Stock and forex trading do appear quite similar to prospective traders. You trade both on exchanges, usually, and you don’t deal with physical assets. On a surface level, it is understandable to have that impression. However, if you start scratching the surface, you will see that there are plenty of differences to examine. So, in this article, we will compare both the differences and the similarities between these two industries. Comparing and contrasting these two trading markets will make it easier for you to decide which will suit you best. Therefore, you will be able to figure out your future plans as a trader.
The similarities between stock and forex trading
First of all, what are the similarities you are likely to see between the two? Well the most obvious, and slightly redundant, similarity is that they are both financial markets. You trade assets, hoping to make a profit between your buying and selling price as it changes according to market demands. Therefore, the general idea is to buy low and sell high. You tend to trade on online platforms for both, especially as you are not trading in physical goods. Overall then, they are both vehicles for financial gain through financial markets. They both are similar in broad strokes. However, the differences appear in the details.
Assets in stock and forex trading
The first difference you shall notice is the assets being traded, as it is in the names. With stocks, you are trading company stock. The purpose of these stocks is to allow companies to raise investment funds. Investors can then trade them to make a profit, once the company becomes more profitable. The stock also gives investors dividends, so they can have a passive, constant income, without selling the stock.
Forex markets trade currencies. The value of currencies is controlled by economic movements. It is more reliant on world and nationwide events which may shape the overall economy.
However, the forex market is a trade market between the value of two different currencies. There is no constant measure for all currencies, which is why investors compare them against other currencies. This is why forex trading may be a tad trickier in some aspects, You need to keep in mind the relative value of two economies, and how one may affect another. You thus need to keep in mind if one country makes any moves to affect the other.
How accessible are stock and forex trading?
Forex trading is generally far more accessible than stock trading. This means that the market is far larger. The reason for this is that all you need to trade in the forex market is money. You simply trade from one currency to another, and that is it. There are plenty of people available to trade, as a result, because someone is bound to want to trade your currency. Stock market trades, however, solely occur in exchanges at specific periods of time, with willing traders. Whatever after-hours trading you find will not be worth your time. You also have to learn separately about any industry you invest in, to understand how your investment may do.
The regulation of both markets
Both markets have some sense of regulation, but there is still a large gap. Generally, stock markets have far more regulation than forex ones. This is partly because of what we said earlier. Forex markets are far more accessible, and anyone can trade in them. This makes it more unruly, as people are unwilling to regulate such an enormous sector. There are some government bodies that do supervision over the market, but there is only so much they can achieve. There is, therefore, far more flexibility here.
Stock markets are under far more regulations from central bodies. Malpractice in this industry could result in really devastating consequences, so it is more necessary here. People could possibly affect companies in a very damaging way.
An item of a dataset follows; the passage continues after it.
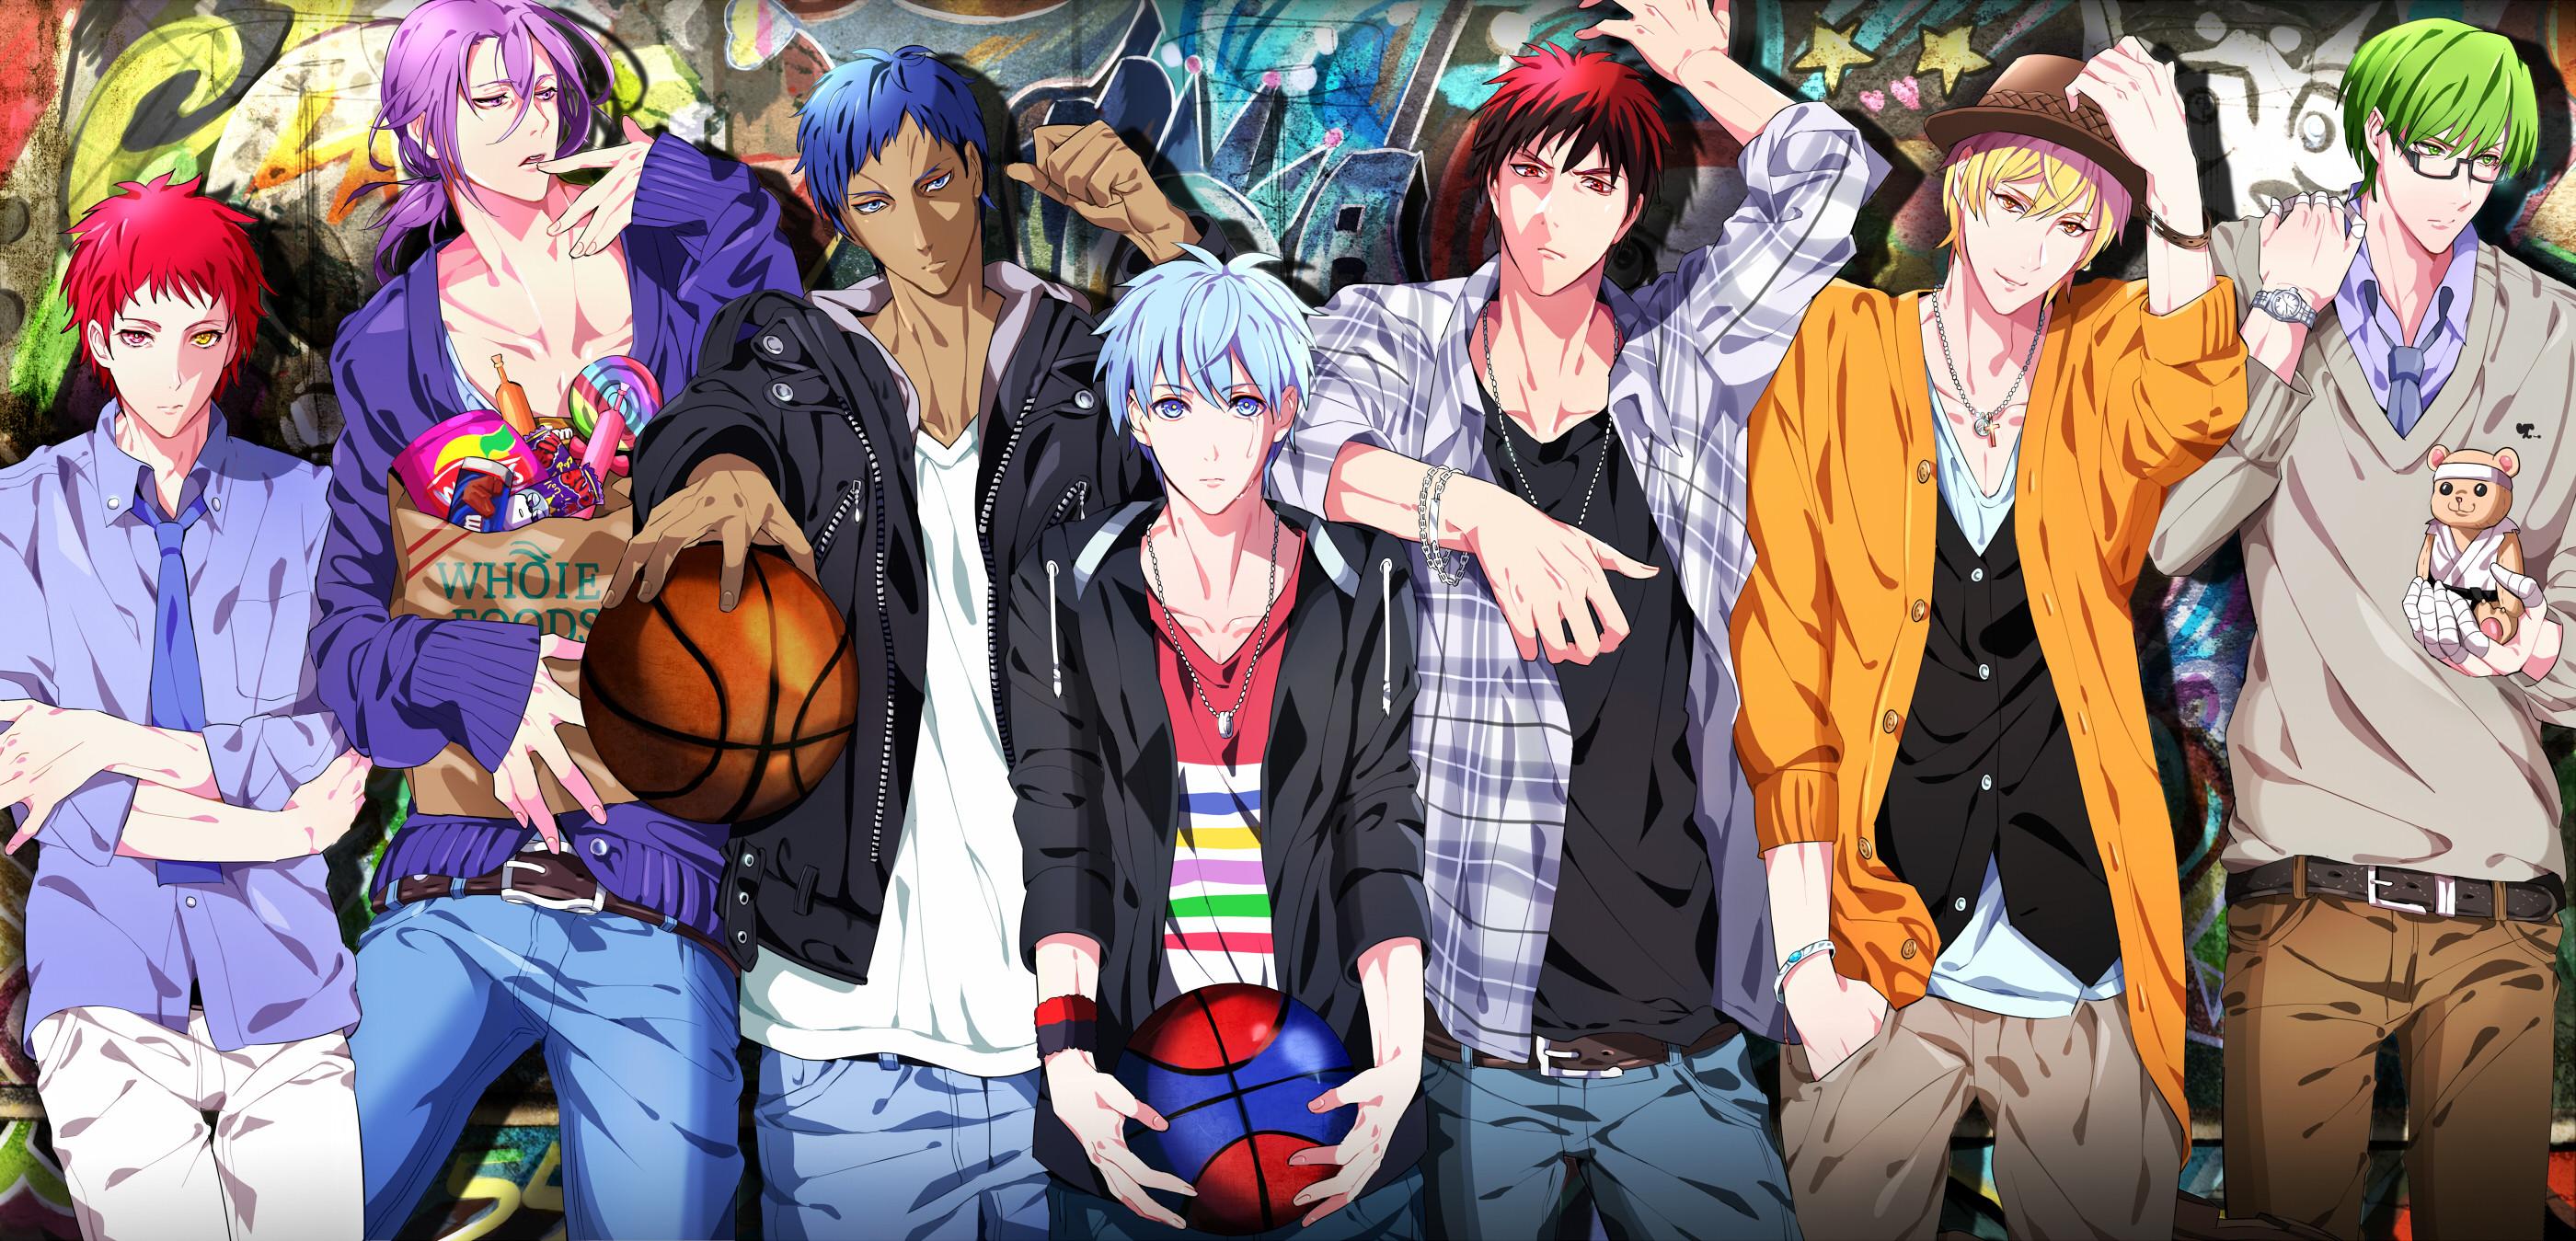 Kuroko Basketball Wallpaper 66 images 2800x1349

Short selling on stock and forex markets
The forex market allows you to short sell your assets far more freely. In case you do not know, short selling is selling an asset at a high price, the start of a slump, and buying it when it is low. You are essentially betting against it. In forex markets, the decline of a currency could also just be the incline of another. Also, the performance of economies is mostly out of your hands.
In the stock market, the decline of a stock’s value indicates a company performs poorly. This may have a more direct effect on the performance of a company than in the forex market. Stocks also have far more room for growth than currencies, so you could lose a lot of money if things go wrong.
To be clear though, you can short against a stock, but people look down on it. There are restrictions in place and people will advise against it, generally.